| Try it |
Word for word, transcribe the material below from its first line to the line with "Photo of a beautiful", both included.
_ _ _ _
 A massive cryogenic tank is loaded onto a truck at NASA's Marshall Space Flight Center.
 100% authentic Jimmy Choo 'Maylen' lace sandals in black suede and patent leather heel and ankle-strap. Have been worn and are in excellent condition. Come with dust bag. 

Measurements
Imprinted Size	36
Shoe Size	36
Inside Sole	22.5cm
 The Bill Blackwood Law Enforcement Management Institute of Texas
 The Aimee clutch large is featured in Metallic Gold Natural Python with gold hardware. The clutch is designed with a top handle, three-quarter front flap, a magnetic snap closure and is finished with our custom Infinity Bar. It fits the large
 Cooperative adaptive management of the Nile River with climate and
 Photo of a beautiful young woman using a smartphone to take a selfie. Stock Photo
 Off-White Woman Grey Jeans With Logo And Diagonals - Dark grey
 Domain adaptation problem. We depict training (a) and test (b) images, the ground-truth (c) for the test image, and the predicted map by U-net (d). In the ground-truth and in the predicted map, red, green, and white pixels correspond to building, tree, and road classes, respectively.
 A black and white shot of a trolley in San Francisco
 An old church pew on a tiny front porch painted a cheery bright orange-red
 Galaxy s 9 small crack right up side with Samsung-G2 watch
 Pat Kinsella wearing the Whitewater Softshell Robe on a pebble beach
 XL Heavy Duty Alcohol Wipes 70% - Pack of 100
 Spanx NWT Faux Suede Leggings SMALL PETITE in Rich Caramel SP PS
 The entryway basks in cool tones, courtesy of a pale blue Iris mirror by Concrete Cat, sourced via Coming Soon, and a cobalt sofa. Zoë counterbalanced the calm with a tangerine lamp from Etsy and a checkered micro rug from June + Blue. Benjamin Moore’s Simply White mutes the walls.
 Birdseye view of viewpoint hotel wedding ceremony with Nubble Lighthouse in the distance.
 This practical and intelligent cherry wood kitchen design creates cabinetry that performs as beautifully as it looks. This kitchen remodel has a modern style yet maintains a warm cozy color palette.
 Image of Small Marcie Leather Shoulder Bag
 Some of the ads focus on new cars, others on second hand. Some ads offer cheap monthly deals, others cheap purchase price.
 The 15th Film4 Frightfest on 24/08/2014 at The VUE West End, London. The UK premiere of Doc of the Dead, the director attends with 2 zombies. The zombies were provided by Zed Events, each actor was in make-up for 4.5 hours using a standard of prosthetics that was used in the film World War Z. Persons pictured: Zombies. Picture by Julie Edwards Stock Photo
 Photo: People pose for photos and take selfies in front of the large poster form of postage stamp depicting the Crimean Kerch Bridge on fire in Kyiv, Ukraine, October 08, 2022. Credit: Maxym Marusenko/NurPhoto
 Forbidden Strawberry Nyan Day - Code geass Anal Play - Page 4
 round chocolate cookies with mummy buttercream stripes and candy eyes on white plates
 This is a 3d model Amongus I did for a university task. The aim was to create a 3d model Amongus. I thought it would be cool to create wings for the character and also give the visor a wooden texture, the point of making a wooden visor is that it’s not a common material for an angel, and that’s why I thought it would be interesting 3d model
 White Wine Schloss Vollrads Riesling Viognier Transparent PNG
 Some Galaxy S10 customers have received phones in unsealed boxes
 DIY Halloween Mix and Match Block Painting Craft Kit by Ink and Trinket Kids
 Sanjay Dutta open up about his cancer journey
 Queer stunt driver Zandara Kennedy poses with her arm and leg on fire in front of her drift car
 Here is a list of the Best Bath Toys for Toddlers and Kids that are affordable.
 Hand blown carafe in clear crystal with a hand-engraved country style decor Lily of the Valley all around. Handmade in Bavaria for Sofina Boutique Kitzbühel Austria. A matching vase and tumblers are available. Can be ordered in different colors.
_ _ _ _
| Result of the exercise |
 A massive cryogenic tank is loaded onto a truck at NASA's Marshall Space Flight Center.
 100% authentic Jimmy Choo 'Maylen' lace sandals in black suede and patent leather heel and ankle-strap. Have been worn and are in excellent condition. Come with dust bag. 

Measurements
Imprinted Size	36
Shoe Size	36
Inside Sole	22.5cm
 The Bill Blackwood Law Enforcement Management Institute of Texas
 The Aimee clutch large is featured in Metallic Gold Natural Python with gold hardware. The clutch is designed with a top handle, three-quarter front flap, a magnetic snap closure and is finished with our custom Infinity Bar. It fits the large
 Cooperative adaptive management of the Nile River with climate and
 Photo of a beautiful young woman using a smartphone to take a selfie. Stock Photo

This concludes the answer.